Beside the Jelly-Fishes arising from Hydroids, there are many others resembling these in all the essential features of their structure, but differing in their mode of development; for, although more or less Polyp-like when first born from the egg, they never become attached, nor do they ever bud or divide, but reach their mature condition without any such striking metamorphoses as those that characterize the development of the Hydroid Acalephs. All the Medusas, whether they arise from buds on the Hydroid stock, like the Sarsia, or from transverse division of the Hydroid form, like the Aurelia, or grow directly from the egg to maturity, without pausing in the Hydroid phase, like the Campanella, agree in the general division and relation of parts. All have a central cavity, from which arise radiating tubes extending to the margin of the umbrella-like disk, where they unite either in a net-work of meshes or in a single circular tube. But there is a great difference in the oral apparatus; the elaborate ruffled curtains, that hang from the corners of the mouth, occur only in the Species arising from the transverse division of the Polyp-like young. For this reason they are divided into two Orders,—the Hydroids and the Discophorae.
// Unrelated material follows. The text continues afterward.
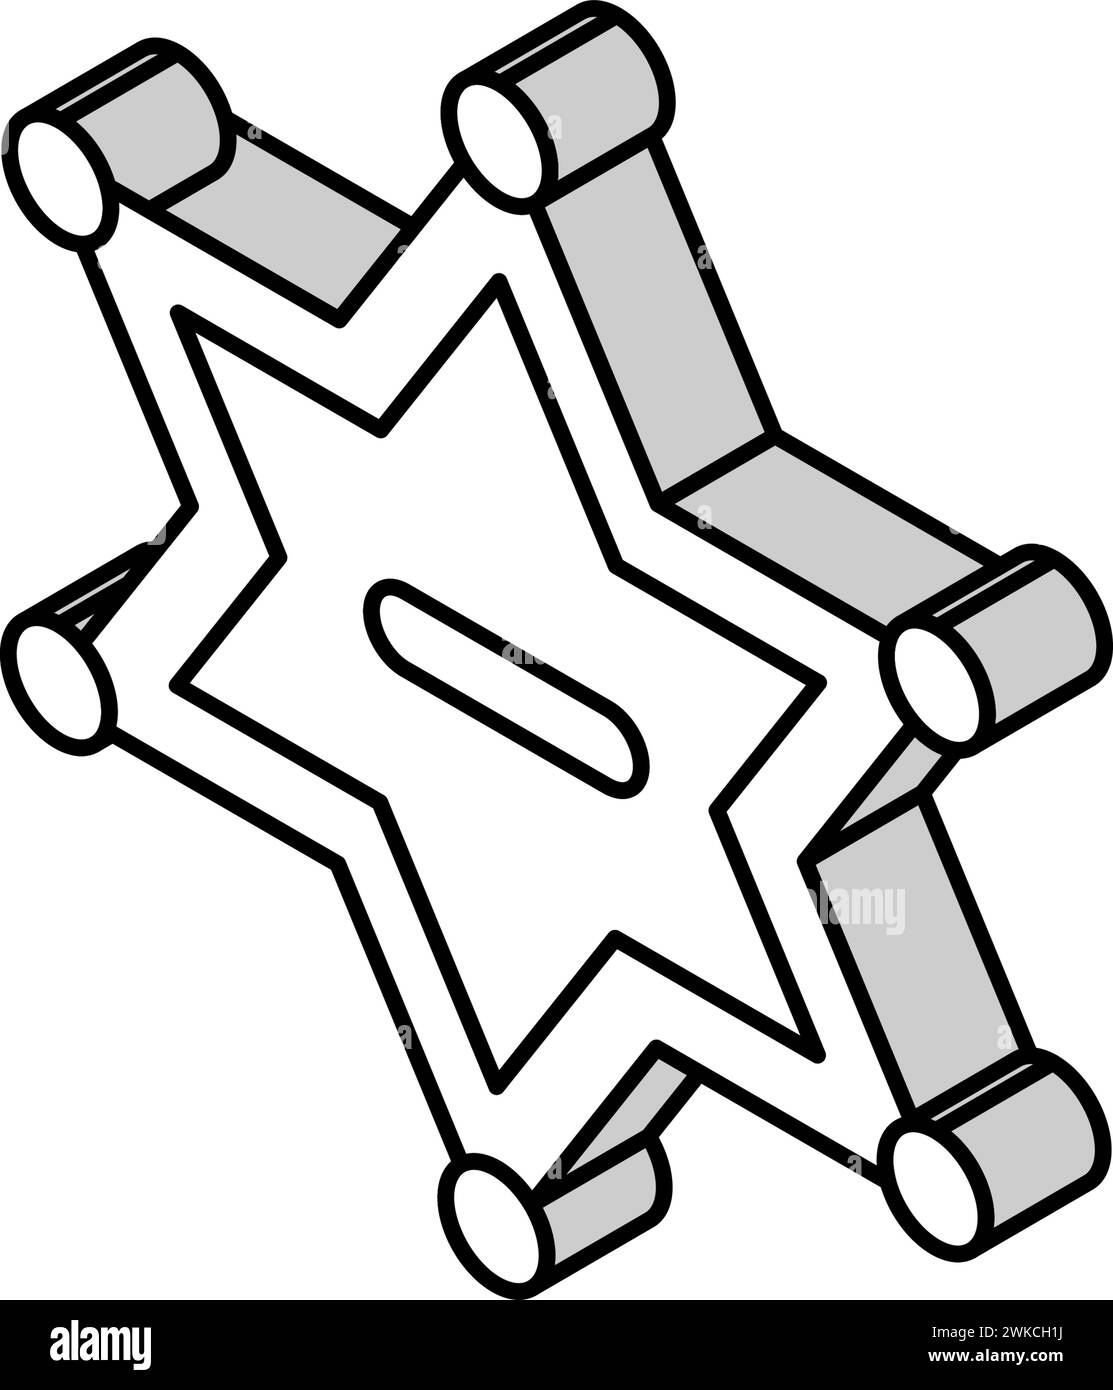 immagine vettoriale dell'icona isometrica dello sceriffo del badge Illustrazione Vettoriale
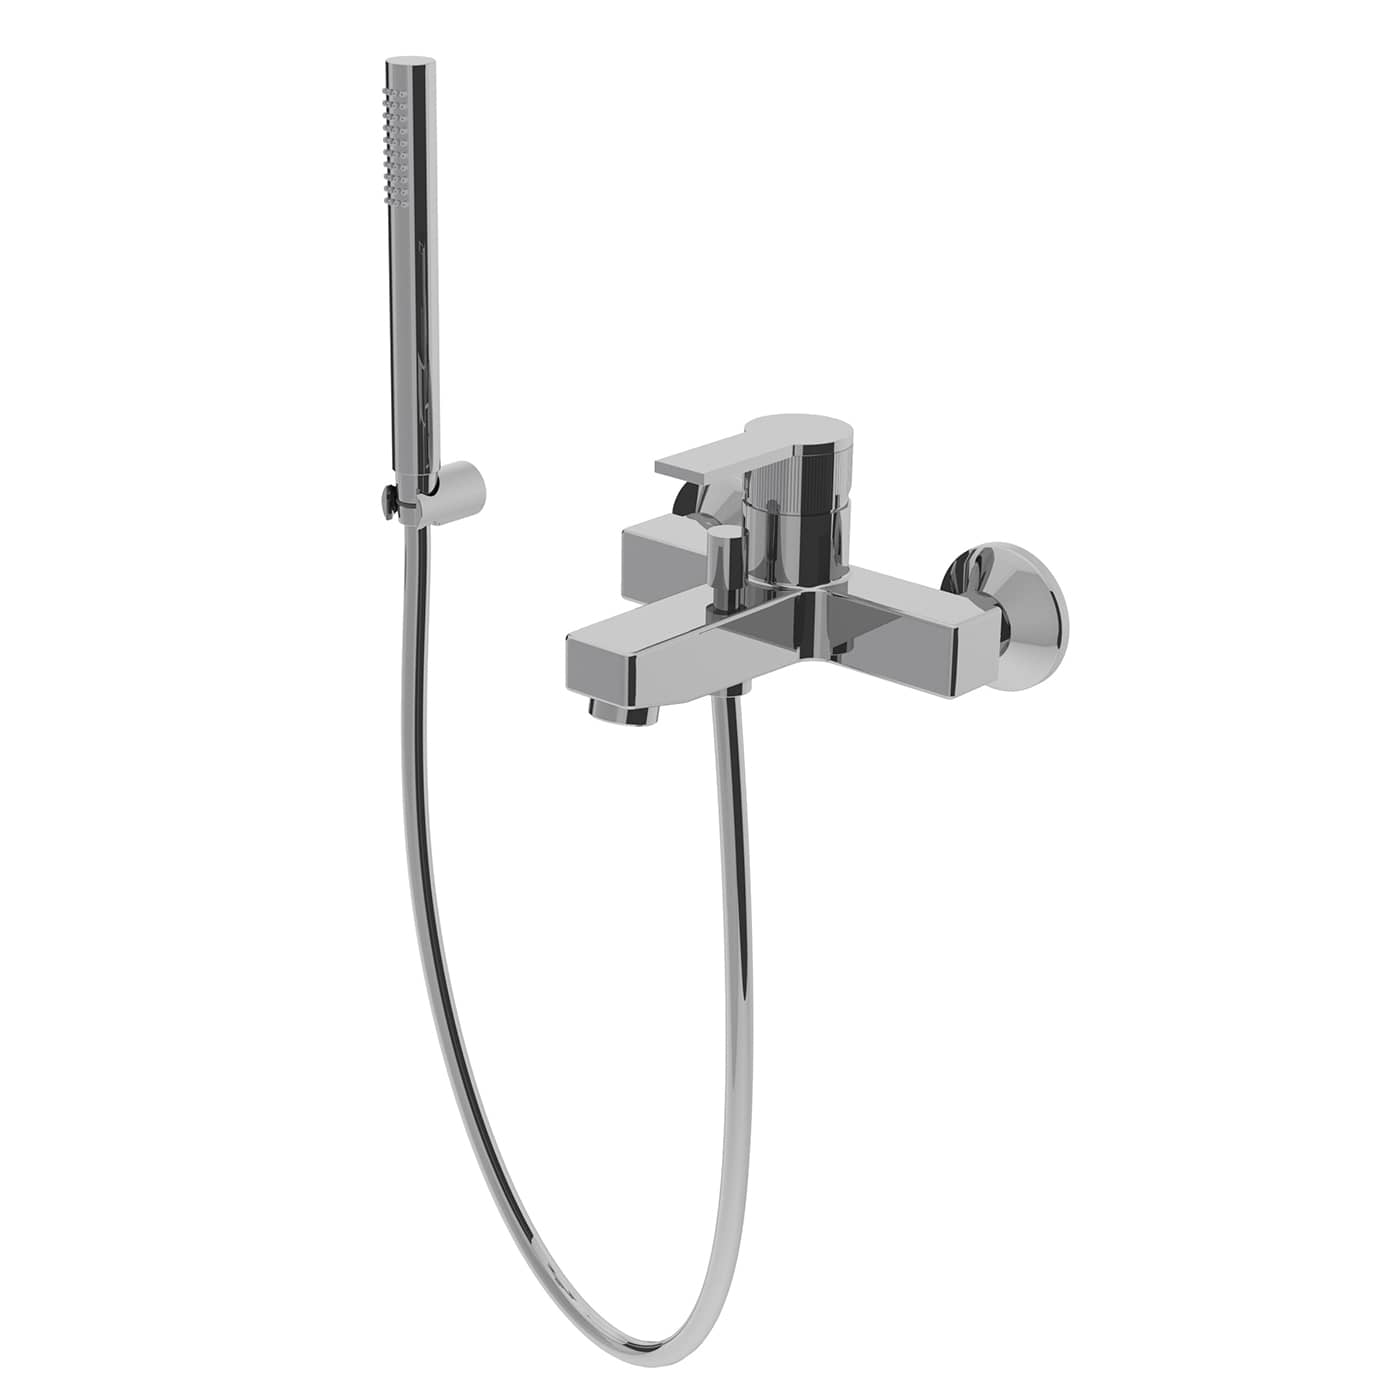 S8VE010RO - Monocomando esterno per vasca con kit doccia

The third Order, the Ctenophorae, are among the most beautiful of the Acalephs. I have spoken of the various hues they assume when in motion, and I will add one word of the peculiarity in their structure which causes this effect. The Ctenophorae differ from the Jelly-Fishes described above in sending off from the main cavity only two main tubes, instead of four like the others; but each of these tubes divides and subdivides in four branches as it approaches the periphery. From the eight branches produced in this way there arise vertical tubes extending in opposite directions up and down the sides of the body. Along these vertical tubes run the rows of little locomotive oars, or combs, as they have been called, from which these animals derive their name of Ctenophorae. The rapid motion of these flappers causes the decomposition of the rays of light along the surface of the body, producing the most striking prismatic effect; and it is no exaggeration to say that no jewel is brighter than these Ctenophorae as they move through the water.